L’escalier (Stanley Donen, 1969)

A Londres, deux vieux homosexuels vivent chez la mère de l’un deux.

Evidemment, à l’époque de sa sortie, Staircase a dû paraître audacieux et certains traits gardent une certaine justesse (la mélancolie du couple devant les enfants qu’ils ne pourront jamais avoir). Toutefois, cette adaptation d’une pièce de théâtre est sûrement le film le plus sinistre de Stanley Donen. La complaisance dans le sordide (l’appartement marronnasse, les tâches de pisse sur les draps…) rend le film très pénible à regarder. Le cabotinage de Burton et Harrisson n’amène ni la vie ni la lumière ni la gaieté ni la vérité qui font cruellement défaut au film.

Le chevalier des sables (The sandpiper, Vincente Minnelli, 1965)

En Californie, une artiste peintre forcée par les autorités d’envoyer son fils en pensionnat séduit le directeur, un homme d’église…

Le genre de film qui fait amèrement regretter le temps révolu de la grandeur d’Hollywood. A l’exception des paysages naturels de Big Sur, tout ici respire la perfection somptueuse du film de studio, une perfection heureusement irriguée par la sensibilité d’un cinéaste authentiquement humaniste. Images de soleil couchant sur la mer en Cinémascope, voluptueuse bande originale (où Johnny Mandel a composé comme ça, au passage, un standard: The shadow of your smile), opulence de la direction artistique, précision classique du découpage.

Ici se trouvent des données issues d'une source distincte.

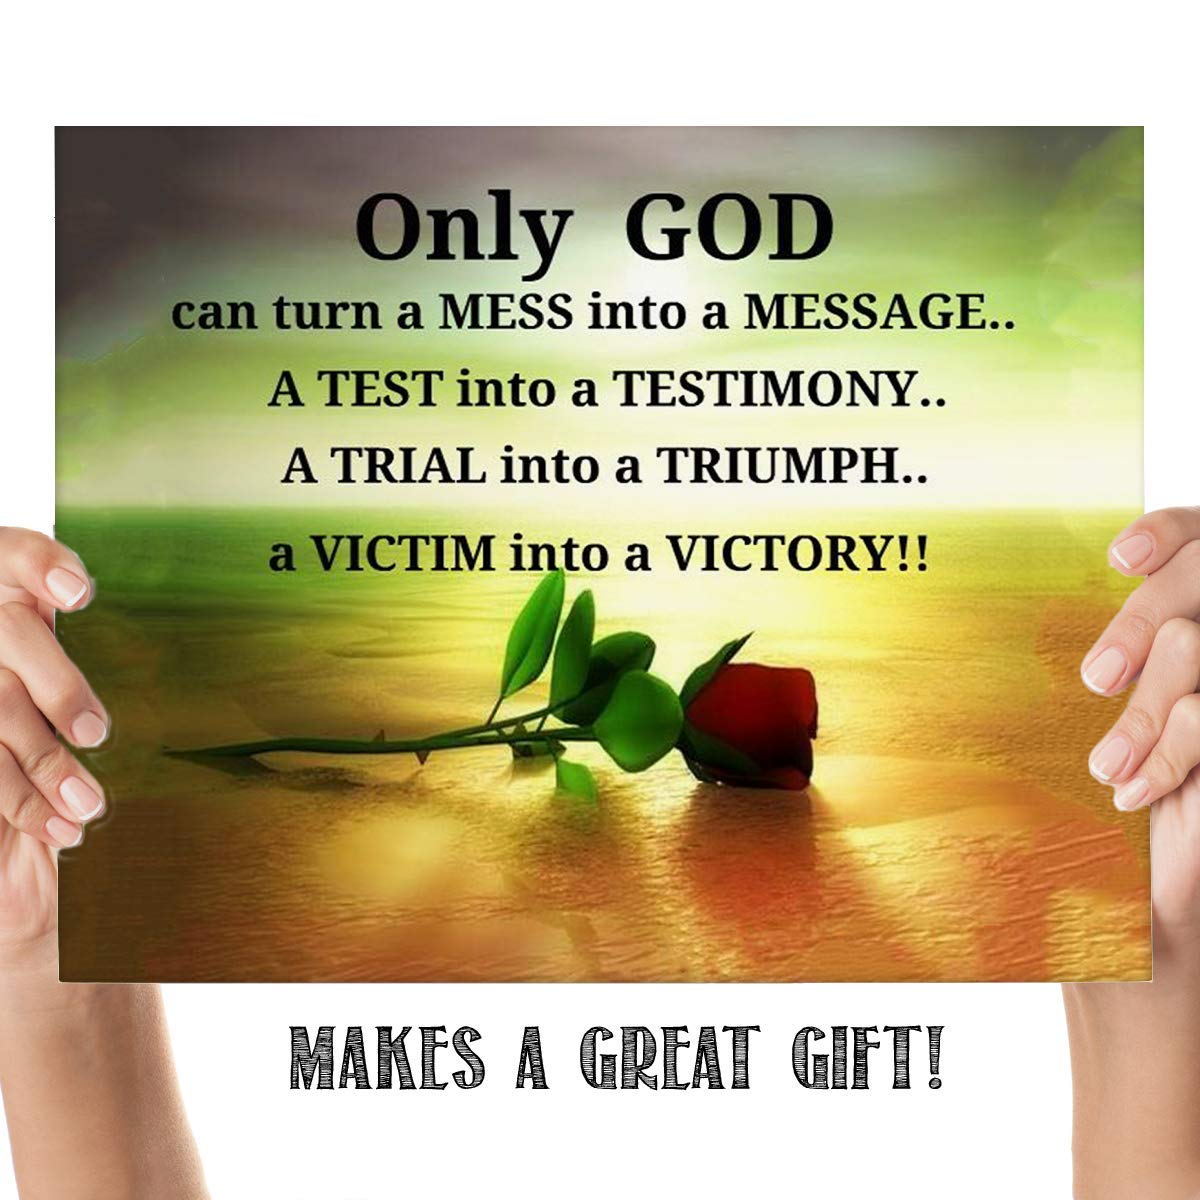 ONLY GOD- Turns Everything Into Victory!- 10 x 8" Spiritual Wall Decor. Modern Typographic Print-Ready to Frame. Home-Office D?cor. Great Christian Gift. Inspiring Reminder of God's Power.

Cette ode à l’harmonie est une leçon de mise en scène où Vincente Minnelli montre tranquillement sa supériorité sur ses jeunes (et moins jeunes) confrères européens. Toujours judicieusement, il sait nuancer ou appuyer le sens du scénario. En 1965, il n’y avait que lui pour bouleverser le spectateur avec une scène d’amour devant un feu de cheminée. Il réussit non pas en détournant le cliché mais en en rajoutant une couche: ainsi un oisillon vient-il se poser sur Liz Taylor pendant qu’elle est dans les bras de Richard Burton. C’est sublime et cela sonne juste (cet oisillon étant soigné par le personnage de Liz Taylor, sa fonction n’est pas décorative).

Le sentiment de plénitude qui se dégage à la vision du Chevalier des sables vient aussi de la noblesse d’un script où « chacun a ses raisons », de l’absence de caricature (la peinture de la communauté proto-hippie de Big Sur est infiniment plus juste que dans Seconds, film contemporain réalisé par un « jeune ») et de la grandeur des sentiments qui animent les personnages, fussent-ils dévoyés. Cet ultime chef d’oeuvre de Minnelli a ainsi des airs de film de Nicholas Ray revu par Leo McCarey.

Amère victoire (Nicholas Ray, 1957)

Désert de Libye, 1943: deux officiers de caractères opposés et amoureux de la même femme sont intégrés au même commando.

Sur le papier, une coproduction américano-française avec Cürd Jurgens et Richard Burton adaptée d’un best-seller de René Hardy dirigée par le réalisateur de La fureur de vivre avait de quoi faire peur. Amère victoire est pourtant un des trois ou quatre plus beaux films de Nicholas Ray.  C’est que la réflexion sur la lâcheté sous-tendue par le roman est un matériau qui sied parfaitement à ce poète obsédé par les fêlures intimes des durs à cuire. Le lyrisme plastique du cinéaste s’épanouit dans un superbe Cinémascope Noir-et-blanc. On n’est pas près d’oublier les visages des héros se découpant dans la nuit étoilée, donnant une tonalité cosmique au drame filmé, résumant le monde en une scène de théâtre. La dimension plastique et la dimension dramatique de la mise en scène sont peut-être plus intimement liées chez Nicholas Ray que chez aucun autre cinéaste américain.

L’excellente et théâtrale prestation de Richard Burton, la musique lyrique composée par Maurice Le Roux et diverses idées géniales tel que le barillet se révélant vide au moment d’achever un blessé transfigurent le film de guerre et haussent Amère victoire vers la tragédie. Pendant presque tout le film, on peut trouver l’opposition entre les deux officiers trop manichéenne, regretter que l’empathie soit évidente pour le personnage de Burton tandis que celui de Jurgens est systématiquement montré comme un salaud. Et puis arrive un plan sublime à la fin qui explique tout. Au retour de sa périlleuse mission, sa femme l’accueille sans l’embrasser, cherche du regard l’autre. En une seconde, tout son comportement précédent est justifié à l’esprit du spectateur. Et la justification n’est pas morale mais émotionnelle. Amère victoire est donc bel et bien un chef d’oeuvre de Nicholas Ray.